A possible bid by Pan Am Corp. for the parent of Northwest Airlines was thrown into question Wednesday when it was learned that the wealthy Bass brothers of Ft. Worth aren't actively involved.
Billionaires Sid and Lee Bass are merely passive investors in the Airlie Group L.P., a 5-year-old partnership that invests mostly in high-yield, high-risk bonds, but has also acquired stakes in selected companies, including Terex Corp. A Pan Am spokeswoman acknowledged the brothers only learned of their involvement in a possible Pan Am bid after it was announced at the company's annual meeting in Washington on Tuesday.
The passive nature of the Bass investment raised questions about the strength of a possible Pan Am bid, since the brothers, veterans of many takeover battles, brought substantial credibility to a potential Pan Am deal.
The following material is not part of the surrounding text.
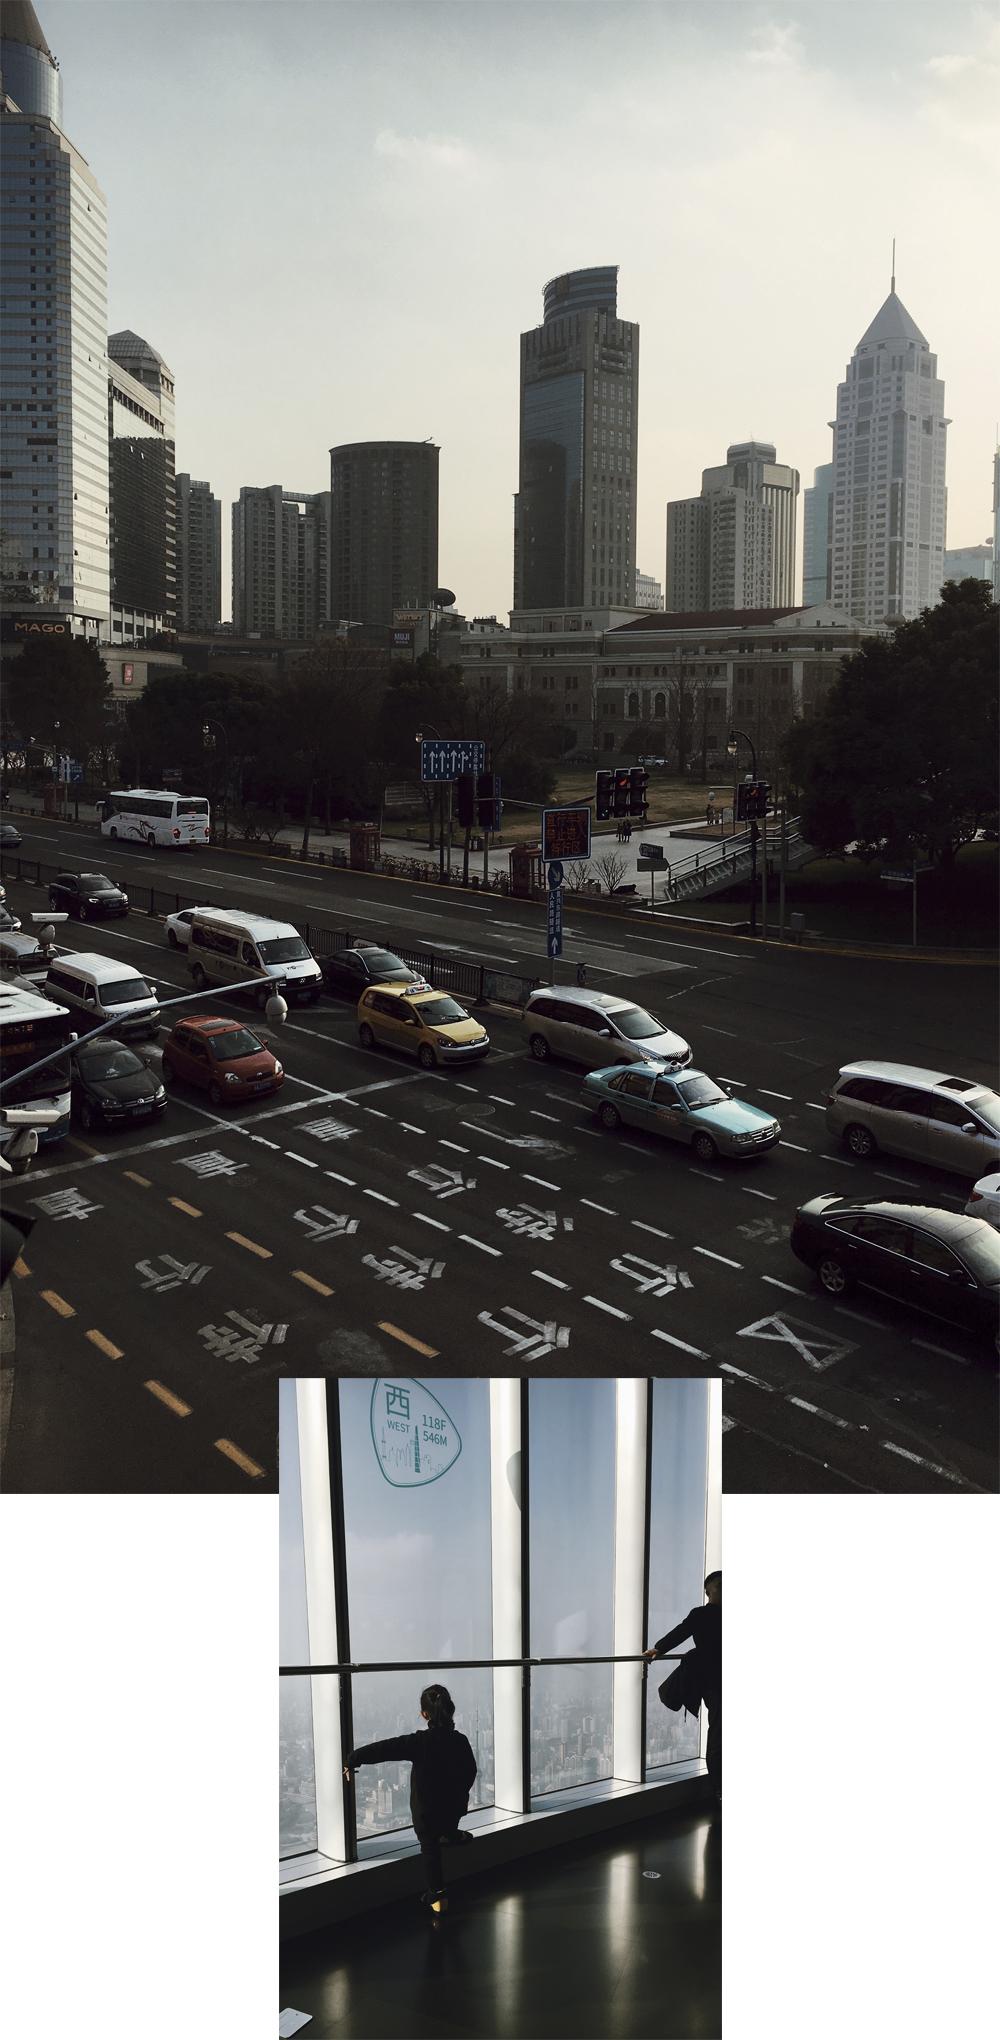 Shanghai_by_Amelie_Niederbuchner_3, Shanghai, Visual Diary, shot by Amelie Niederbuchner, photographer, Munich

"I would say that if the Basses aren't interested, the deal won't work," said Daniel A. Hersh, an airline industry analyst with Bateman Eichler, Hill Richards in Los Angeles.
In a bizarre twist, Pan Am said Los Angeles financier Alfred A. Checchi is also a passive investor in the Airlie Group. Checchi is weighing making his own bid for the airline, with backing from Bankers Trust and Elders IXL, an Australian conglomerate. Checchi, a former executive with Marriott Corp., was a financial adviser to the Bass brothers around the time the Airlie Group was formed.
Checchi refused comment on Wednesday, and the Bass brothers couldn't be reached.
The largest member of the Airlie Group is the Equitable Life Assurance Society of the United States, which was also said to have learned of its involvement in the Pan Am deal on Tuesday.
It couldn't be learned whether the surprised members of the Airlie Group would attempt to force the partnership to pull out of the Pan Am deal. A Pan Am spokeswoman said the firm had no direct contact with any passive investors in the Airlie Group.
Although Airlie has assets of about $1 billion, most of its money is said to be invested in "junk bonds" and consequently it isn't clear how much would be immediately available for a Northwest takeover.
Most of the financing for a Pan Am bid would be raised by Prudential-Bache Securities, with some of the funding coming from its parent, Prudential Insurance Co. Thomas Fowler, president of Prudential-Bache Capital Funding, the unit that is putting together the funding package, couldn't be reached for comment.
Pan Am, a money-losing airline with a strong Atlantic route system, said Tuesday that it was considering a bid for NWA Inc., the parent of Northwest. The airline had been a takeover target since March, when Los Angeles billionaire Marvin Davis launched a $2.7-billion bid for the airline. His bid was rejected by NWA's board, which then announced it would consider all offers for the airline.